#### TASK TO CARRY OUT
In the entries below, the lines from the one with "12.05.2017., Zagreb - U" through the one with "sailboat in the" are to be copied exactly; both ends count.

#### INFORMATION GIVEN
◇ ◇ ◇ ◇
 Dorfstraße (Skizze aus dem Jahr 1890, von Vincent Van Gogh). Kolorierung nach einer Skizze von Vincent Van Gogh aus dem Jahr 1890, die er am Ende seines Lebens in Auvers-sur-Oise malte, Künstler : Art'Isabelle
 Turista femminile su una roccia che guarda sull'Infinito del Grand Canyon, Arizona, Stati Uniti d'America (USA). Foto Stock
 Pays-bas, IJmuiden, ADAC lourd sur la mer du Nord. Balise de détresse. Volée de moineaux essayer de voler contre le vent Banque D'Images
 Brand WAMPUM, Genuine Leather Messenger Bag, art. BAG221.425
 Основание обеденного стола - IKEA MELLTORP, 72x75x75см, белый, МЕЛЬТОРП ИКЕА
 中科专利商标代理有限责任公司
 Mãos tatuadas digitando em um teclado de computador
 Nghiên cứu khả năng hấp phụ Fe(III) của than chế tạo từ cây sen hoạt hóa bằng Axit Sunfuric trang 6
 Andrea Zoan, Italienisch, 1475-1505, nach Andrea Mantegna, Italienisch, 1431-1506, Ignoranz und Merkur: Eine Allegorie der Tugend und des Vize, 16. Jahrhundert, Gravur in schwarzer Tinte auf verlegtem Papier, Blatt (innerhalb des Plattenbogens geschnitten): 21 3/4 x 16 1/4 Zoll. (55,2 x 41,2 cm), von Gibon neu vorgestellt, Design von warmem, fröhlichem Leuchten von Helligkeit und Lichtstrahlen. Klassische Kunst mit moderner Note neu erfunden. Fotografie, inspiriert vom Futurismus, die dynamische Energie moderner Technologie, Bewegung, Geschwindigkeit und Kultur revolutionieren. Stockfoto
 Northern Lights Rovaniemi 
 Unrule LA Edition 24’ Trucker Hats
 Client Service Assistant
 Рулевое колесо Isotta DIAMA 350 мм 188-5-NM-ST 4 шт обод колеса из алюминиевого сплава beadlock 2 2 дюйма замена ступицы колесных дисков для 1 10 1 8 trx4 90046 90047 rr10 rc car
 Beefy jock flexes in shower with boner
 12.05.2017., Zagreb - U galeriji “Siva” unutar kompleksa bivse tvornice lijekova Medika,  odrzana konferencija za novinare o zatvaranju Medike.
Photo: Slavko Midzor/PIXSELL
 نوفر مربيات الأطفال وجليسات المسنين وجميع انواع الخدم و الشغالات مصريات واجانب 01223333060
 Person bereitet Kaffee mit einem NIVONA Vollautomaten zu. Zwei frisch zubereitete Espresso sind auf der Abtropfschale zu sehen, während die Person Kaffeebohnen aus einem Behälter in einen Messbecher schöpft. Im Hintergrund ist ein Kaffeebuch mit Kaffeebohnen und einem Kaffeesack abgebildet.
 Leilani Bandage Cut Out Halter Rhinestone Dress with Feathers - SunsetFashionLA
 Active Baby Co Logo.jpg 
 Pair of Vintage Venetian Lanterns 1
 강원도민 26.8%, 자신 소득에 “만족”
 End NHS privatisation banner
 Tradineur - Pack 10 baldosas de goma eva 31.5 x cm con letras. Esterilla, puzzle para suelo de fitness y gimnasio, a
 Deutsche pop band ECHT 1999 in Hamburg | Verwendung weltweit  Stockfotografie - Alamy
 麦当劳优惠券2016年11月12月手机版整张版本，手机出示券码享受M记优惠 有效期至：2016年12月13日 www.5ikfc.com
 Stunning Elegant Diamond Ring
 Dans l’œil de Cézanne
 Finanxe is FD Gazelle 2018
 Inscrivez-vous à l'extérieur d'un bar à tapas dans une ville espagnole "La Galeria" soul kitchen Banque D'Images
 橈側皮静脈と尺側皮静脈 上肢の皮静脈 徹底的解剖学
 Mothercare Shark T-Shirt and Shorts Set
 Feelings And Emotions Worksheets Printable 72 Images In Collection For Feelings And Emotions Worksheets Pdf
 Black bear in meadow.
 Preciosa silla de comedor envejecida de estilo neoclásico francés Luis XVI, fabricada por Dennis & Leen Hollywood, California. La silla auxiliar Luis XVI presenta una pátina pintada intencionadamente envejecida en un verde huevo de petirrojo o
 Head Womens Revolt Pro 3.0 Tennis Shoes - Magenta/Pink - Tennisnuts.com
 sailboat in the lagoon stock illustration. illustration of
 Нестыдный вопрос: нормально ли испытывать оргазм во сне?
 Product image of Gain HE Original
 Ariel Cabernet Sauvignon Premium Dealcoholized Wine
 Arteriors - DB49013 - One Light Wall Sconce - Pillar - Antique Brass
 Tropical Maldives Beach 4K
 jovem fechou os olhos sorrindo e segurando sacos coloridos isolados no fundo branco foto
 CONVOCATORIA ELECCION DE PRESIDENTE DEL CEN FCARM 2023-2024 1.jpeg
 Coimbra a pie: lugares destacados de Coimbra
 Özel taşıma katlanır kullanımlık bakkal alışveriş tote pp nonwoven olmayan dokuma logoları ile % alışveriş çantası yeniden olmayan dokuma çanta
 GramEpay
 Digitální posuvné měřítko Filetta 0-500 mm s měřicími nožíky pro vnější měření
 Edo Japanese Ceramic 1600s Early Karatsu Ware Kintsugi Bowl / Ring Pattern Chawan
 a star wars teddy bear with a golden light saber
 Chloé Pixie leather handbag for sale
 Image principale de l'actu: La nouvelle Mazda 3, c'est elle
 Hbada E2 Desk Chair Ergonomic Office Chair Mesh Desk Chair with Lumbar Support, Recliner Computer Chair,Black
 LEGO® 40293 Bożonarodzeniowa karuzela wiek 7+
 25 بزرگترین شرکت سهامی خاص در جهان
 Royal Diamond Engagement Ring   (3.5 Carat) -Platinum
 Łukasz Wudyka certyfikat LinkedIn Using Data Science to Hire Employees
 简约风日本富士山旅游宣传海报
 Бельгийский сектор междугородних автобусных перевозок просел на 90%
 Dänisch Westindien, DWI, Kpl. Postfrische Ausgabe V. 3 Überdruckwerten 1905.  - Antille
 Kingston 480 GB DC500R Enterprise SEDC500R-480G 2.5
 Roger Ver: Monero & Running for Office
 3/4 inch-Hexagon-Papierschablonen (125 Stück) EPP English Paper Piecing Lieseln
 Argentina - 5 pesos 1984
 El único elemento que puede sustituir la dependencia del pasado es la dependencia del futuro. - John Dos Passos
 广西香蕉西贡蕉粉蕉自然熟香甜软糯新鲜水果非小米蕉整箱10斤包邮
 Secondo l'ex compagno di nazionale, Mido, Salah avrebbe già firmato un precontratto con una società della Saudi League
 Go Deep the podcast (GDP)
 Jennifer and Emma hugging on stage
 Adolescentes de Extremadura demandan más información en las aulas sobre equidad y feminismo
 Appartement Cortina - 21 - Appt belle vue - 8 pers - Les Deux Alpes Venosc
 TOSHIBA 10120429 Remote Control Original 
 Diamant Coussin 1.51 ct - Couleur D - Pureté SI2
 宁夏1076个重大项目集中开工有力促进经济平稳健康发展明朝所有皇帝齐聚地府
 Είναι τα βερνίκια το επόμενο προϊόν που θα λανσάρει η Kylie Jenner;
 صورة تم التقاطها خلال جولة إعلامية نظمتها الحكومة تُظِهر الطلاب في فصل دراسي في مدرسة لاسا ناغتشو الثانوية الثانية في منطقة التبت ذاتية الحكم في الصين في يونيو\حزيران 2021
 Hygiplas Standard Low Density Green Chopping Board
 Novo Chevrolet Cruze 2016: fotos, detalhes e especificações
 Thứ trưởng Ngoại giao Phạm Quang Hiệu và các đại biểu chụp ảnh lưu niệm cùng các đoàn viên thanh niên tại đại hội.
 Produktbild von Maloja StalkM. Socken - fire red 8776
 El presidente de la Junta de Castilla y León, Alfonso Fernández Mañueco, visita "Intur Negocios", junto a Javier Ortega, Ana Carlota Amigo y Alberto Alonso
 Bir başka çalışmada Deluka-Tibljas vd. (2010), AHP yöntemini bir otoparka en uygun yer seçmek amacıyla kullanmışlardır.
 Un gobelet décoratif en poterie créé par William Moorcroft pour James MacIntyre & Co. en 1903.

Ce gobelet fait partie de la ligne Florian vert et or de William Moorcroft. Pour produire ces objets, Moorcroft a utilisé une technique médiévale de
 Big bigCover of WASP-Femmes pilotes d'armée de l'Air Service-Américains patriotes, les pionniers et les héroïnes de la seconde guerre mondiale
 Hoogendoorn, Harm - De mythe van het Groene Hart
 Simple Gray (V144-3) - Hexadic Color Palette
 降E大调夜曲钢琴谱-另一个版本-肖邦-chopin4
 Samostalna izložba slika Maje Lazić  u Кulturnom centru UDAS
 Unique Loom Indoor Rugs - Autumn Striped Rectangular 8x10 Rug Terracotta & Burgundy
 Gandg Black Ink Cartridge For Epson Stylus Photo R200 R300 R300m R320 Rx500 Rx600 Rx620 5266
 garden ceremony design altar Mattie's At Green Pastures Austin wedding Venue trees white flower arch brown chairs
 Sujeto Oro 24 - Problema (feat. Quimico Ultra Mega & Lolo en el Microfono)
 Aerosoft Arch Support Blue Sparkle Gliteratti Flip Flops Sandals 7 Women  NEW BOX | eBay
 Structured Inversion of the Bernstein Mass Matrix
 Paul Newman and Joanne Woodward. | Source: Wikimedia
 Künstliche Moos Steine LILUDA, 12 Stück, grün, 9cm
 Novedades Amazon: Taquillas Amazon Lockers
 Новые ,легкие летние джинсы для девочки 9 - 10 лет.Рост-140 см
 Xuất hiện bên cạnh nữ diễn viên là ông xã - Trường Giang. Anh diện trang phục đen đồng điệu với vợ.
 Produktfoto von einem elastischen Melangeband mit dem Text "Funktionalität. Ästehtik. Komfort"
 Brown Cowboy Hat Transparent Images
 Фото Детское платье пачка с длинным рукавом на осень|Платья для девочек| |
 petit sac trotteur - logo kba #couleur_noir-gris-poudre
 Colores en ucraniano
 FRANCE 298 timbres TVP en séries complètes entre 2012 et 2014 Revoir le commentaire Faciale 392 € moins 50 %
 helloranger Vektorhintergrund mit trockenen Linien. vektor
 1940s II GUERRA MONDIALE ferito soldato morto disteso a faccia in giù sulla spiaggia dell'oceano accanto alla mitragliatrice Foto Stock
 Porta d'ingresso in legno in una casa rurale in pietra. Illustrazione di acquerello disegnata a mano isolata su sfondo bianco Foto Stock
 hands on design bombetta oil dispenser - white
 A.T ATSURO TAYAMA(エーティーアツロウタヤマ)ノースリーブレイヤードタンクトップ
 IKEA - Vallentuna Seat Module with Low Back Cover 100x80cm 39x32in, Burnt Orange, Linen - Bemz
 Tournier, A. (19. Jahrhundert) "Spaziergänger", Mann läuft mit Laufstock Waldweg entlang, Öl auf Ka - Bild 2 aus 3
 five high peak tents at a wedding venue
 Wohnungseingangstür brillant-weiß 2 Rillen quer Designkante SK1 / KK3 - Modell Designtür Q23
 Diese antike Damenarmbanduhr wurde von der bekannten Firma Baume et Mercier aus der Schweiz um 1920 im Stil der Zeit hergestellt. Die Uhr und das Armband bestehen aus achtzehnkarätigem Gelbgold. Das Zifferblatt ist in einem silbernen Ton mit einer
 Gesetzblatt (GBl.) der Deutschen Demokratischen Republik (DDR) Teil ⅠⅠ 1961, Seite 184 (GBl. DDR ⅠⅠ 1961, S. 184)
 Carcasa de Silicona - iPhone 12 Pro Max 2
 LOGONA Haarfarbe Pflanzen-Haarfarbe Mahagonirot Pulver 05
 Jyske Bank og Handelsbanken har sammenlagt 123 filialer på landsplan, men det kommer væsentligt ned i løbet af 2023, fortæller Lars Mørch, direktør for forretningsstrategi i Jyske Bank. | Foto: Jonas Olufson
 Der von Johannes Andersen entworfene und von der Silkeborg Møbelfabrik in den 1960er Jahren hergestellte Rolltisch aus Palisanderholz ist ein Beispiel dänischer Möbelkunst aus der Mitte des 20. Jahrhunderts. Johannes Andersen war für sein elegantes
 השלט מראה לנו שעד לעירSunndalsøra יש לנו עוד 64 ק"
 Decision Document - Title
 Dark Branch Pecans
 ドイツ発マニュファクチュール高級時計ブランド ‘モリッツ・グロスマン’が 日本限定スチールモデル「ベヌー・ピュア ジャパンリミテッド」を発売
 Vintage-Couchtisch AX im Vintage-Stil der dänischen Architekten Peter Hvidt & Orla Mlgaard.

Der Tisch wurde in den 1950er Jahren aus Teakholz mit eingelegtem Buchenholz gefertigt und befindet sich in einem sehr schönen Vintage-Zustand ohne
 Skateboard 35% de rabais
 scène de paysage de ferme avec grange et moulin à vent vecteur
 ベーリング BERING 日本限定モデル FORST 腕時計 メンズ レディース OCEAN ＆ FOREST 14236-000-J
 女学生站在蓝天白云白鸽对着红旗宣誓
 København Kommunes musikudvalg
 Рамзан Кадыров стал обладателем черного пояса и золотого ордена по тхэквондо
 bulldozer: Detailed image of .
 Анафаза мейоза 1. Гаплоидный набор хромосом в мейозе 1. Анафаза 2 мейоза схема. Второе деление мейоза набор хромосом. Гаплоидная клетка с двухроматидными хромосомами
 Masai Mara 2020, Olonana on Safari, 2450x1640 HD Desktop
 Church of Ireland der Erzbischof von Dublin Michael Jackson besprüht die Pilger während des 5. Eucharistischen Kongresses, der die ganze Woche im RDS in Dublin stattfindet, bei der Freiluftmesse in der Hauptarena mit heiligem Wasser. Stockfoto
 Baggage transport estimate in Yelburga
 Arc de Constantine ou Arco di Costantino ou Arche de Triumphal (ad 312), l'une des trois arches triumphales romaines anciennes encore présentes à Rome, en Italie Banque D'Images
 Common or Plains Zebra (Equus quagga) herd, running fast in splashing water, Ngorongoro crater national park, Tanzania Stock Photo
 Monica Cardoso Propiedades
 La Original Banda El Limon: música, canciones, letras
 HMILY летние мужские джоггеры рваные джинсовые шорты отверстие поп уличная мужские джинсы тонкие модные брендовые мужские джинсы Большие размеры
◇ ◇ ◇ ◇
#### ANSWER FOR THIS EXERCISE
 12.05.2017., Zagreb - U galeriji “Siva” unutar kompleksa bivse tvornice lijekova Medika,  odrzana konferencija za novinare o zatvaranju Medike.
Photo: Slavko Midzor/PIXSELL
 نوفر مربيات الأطفال وجليسات المسنين وجميع انواع الخدم و الشغالات مصريات واجانب 01223333060
 Person bereitet Kaffee mit einem NIVONA Vollautomaten zu. Zwei frisch zubereitete Espresso sind auf der Abtropfschale zu sehen, während die Person Kaffeebohnen aus einem Behälter in einen Messbecher schöpft. Im Hintergrund ist ein Kaffeebuch mit Kaffeebohnen und einem Kaffeesack abgebildet.
 Leilani Bandage Cut Out Halter Rhinestone Dress with Feathers - SunsetFashionLA
 Active Baby Co Logo.jpg 
 Pair of Vintage Venetian Lanterns 1
 강원도민 26.8%, 자신 소득에 “만족”
 End NHS privatisation banner
 Tradineur - Pack 10 baldosas de goma eva 31.5 x cm con letras. Esterilla, puzzle para suelo de fitness y gimnasio, a
 Deutsche pop band ECHT 1999 in Hamburg | Verwendung weltweit  Stockfotografie - Alamy
 麦当劳优惠券2016年11月12月手机版整张版本，手机出示券码享受M记优惠 有效期至：2016年12月13日 www.5ikfc.com
 Stunning Elegant Diamond Ring
 Dans l’œil de Cézanne
 Finanxe is FD Gazelle 2018
 Inscrivez-vous à l'extérieur d'un bar à tapas dans une ville espagnole "La Galeria" soul kitchen Banque D'Images
 橈側皮静脈と尺側皮静脈 上肢の皮静脈 徹底的解剖学
 Mothercare Shark T-Shirt and Shorts Set
 Feelings And Emotions Worksheets Printable 72 Images In Collection For Feelings And Emotions Worksheets Pdf
 Black bear in meadow.
 Preciosa silla de comedor envejecida de estilo neoclásico francés Luis XVI, fabricada por Dennis & Leen Hollywood, California. La silla auxiliar Luis XVI presenta una pátina pintada intencionadamente envejecida en un verde huevo de petirrojo o
 Head Womens Revolt Pro 3.0 Tennis Shoes - Magenta/Pink - Tennisnuts.com
 sailboat in the lagoon stock illustration. illustration of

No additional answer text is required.